[[ INFORMATION SUPPLIED open ]]

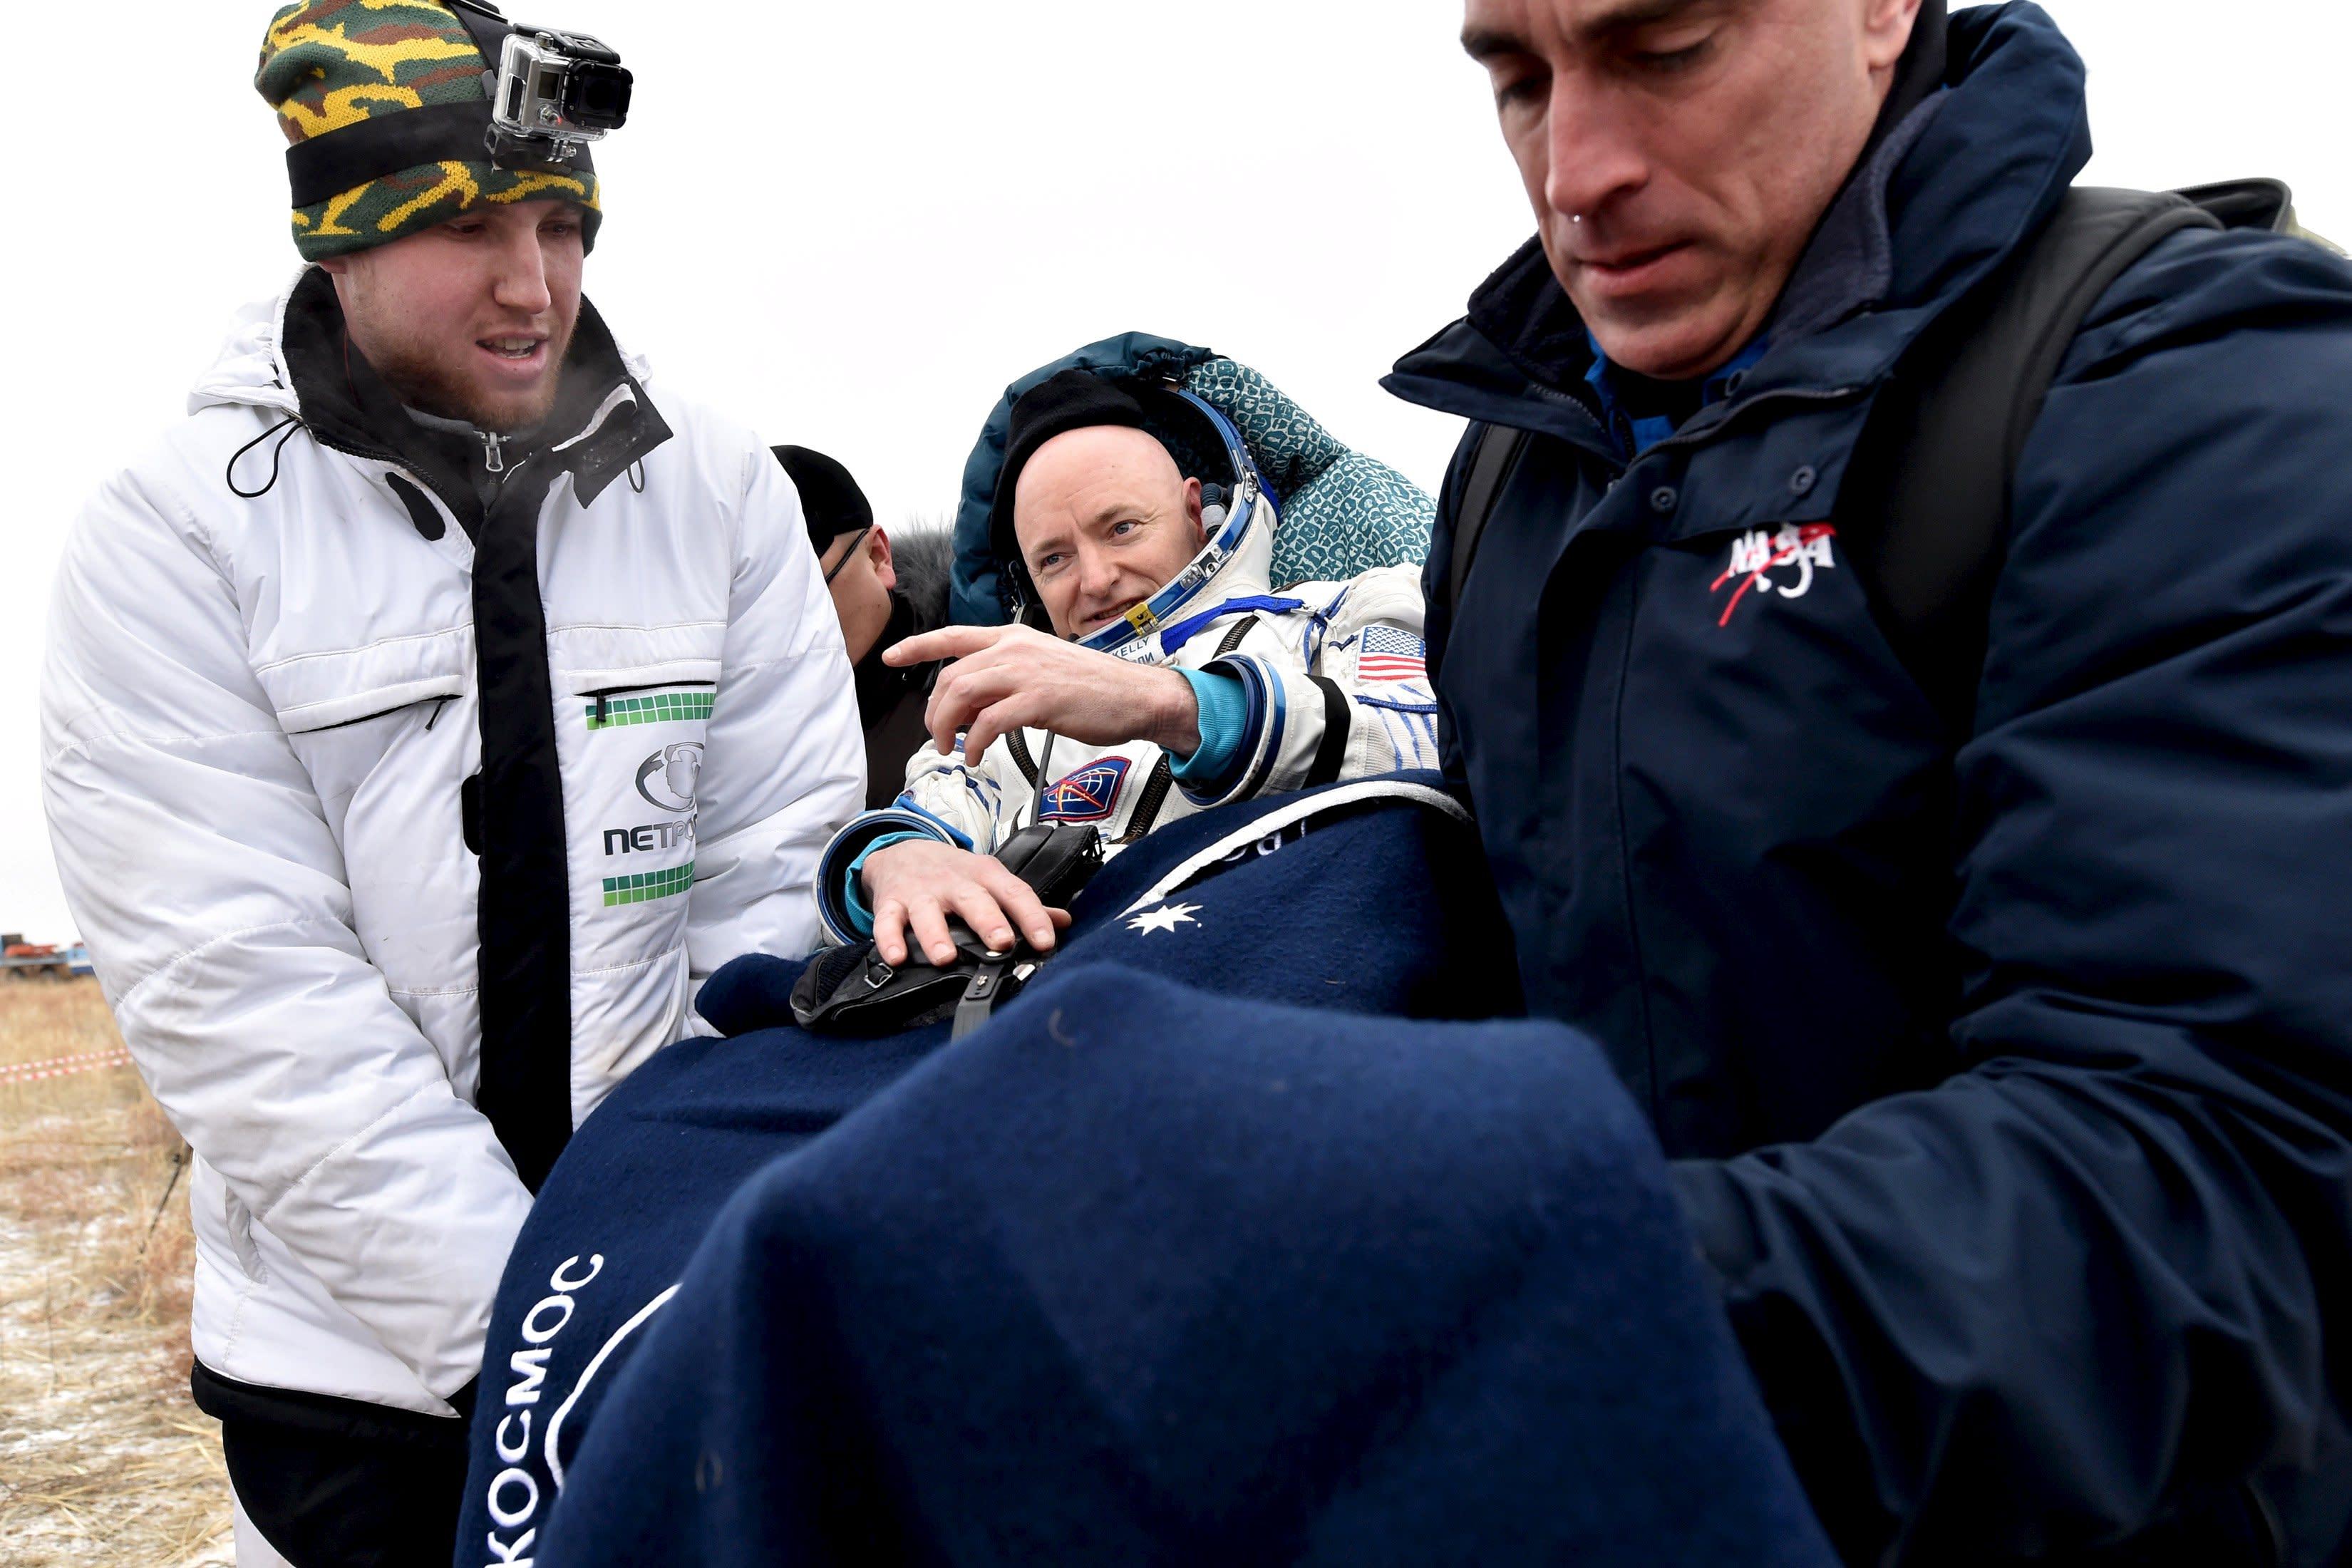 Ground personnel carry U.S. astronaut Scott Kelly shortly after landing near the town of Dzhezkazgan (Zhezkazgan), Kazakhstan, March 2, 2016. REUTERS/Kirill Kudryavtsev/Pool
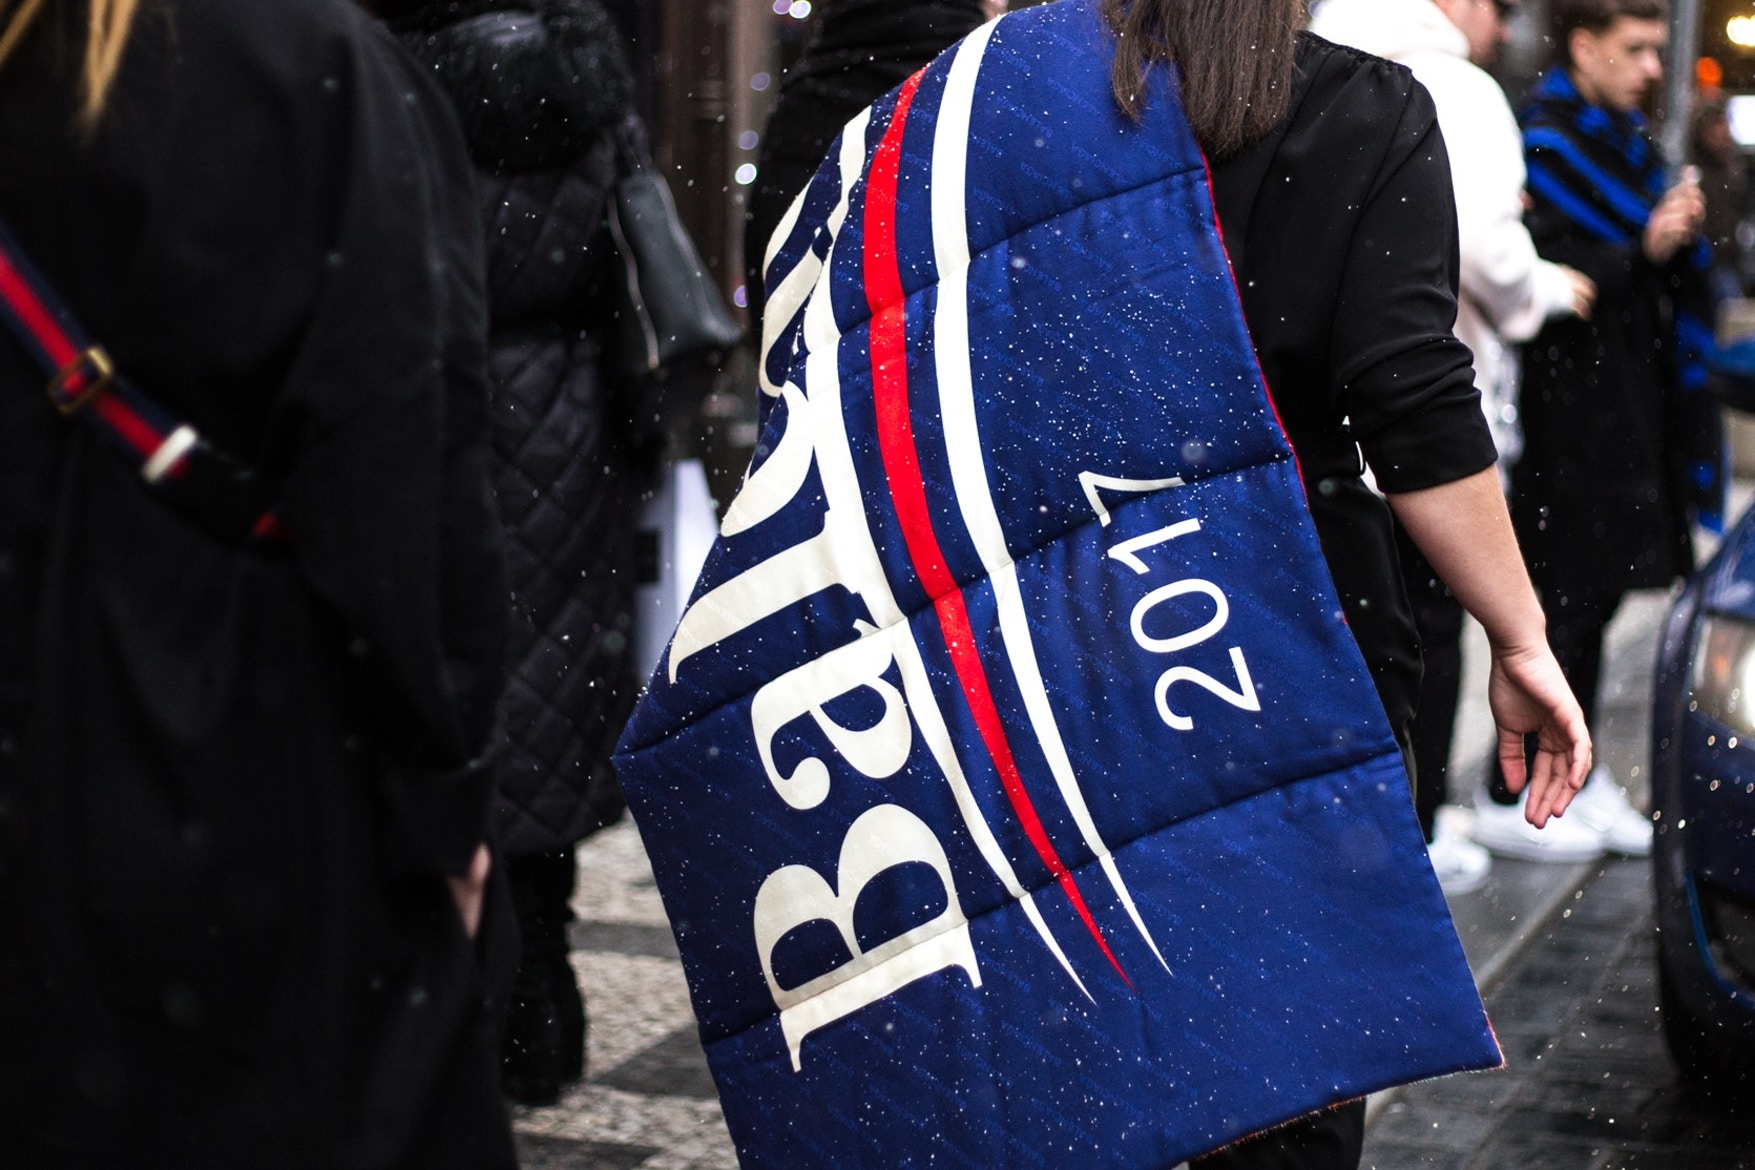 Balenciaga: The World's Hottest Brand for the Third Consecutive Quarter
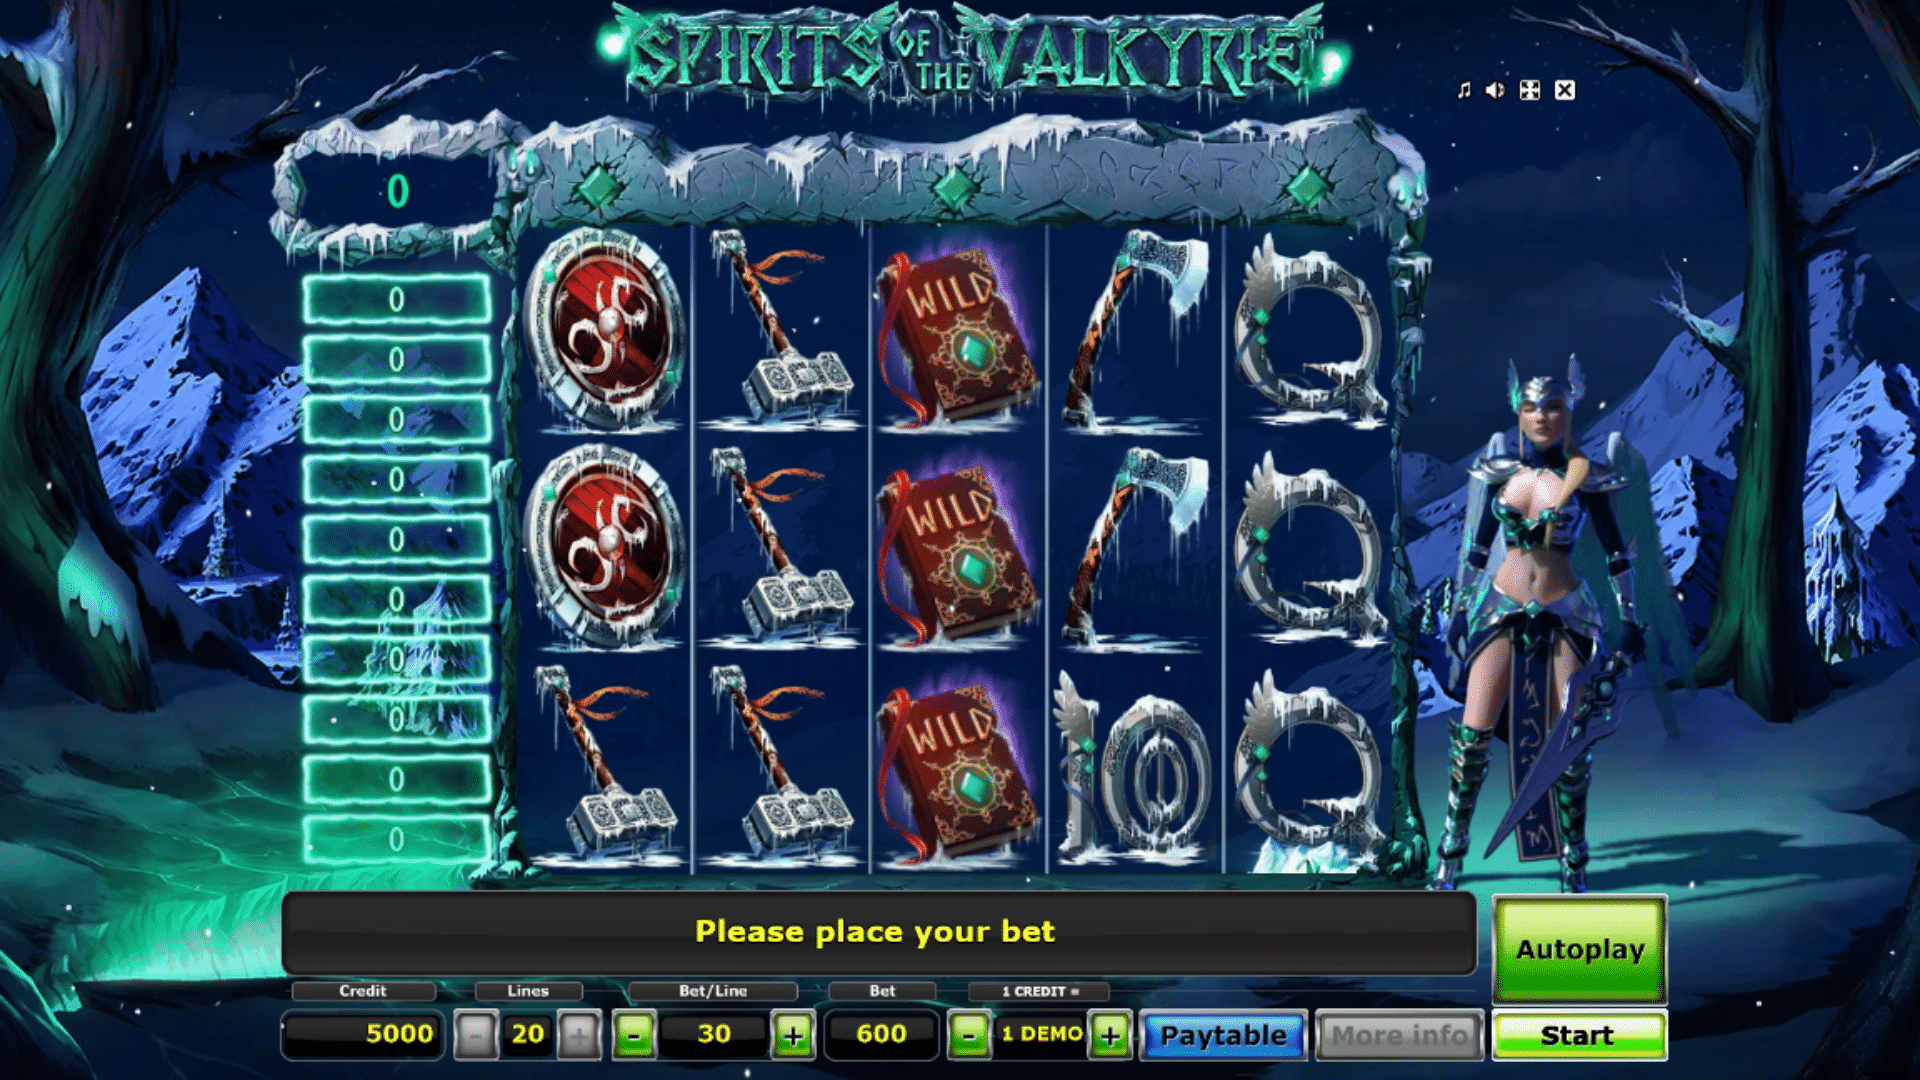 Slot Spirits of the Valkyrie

[[ INFORMATION SUPPLIED closed ]]

* YOUR GOAL: What is needed is an exact reproduction of the data, pictures excluded.

* SOLUTION TO THIS PROBLEM:
 Ground personnel carry U.S. astronaut Scott Kelly shortly after landing near the town of Dzhezkazgan (Zhezkazgan), Kazakhstan, March 2, 2016. REUTERS/Kirill Kudryavtsev/Pool
 Balenciaga: The World's Hottest Brand for the Third Consecutive Quarter
 Slot Spirits of the Valkyrie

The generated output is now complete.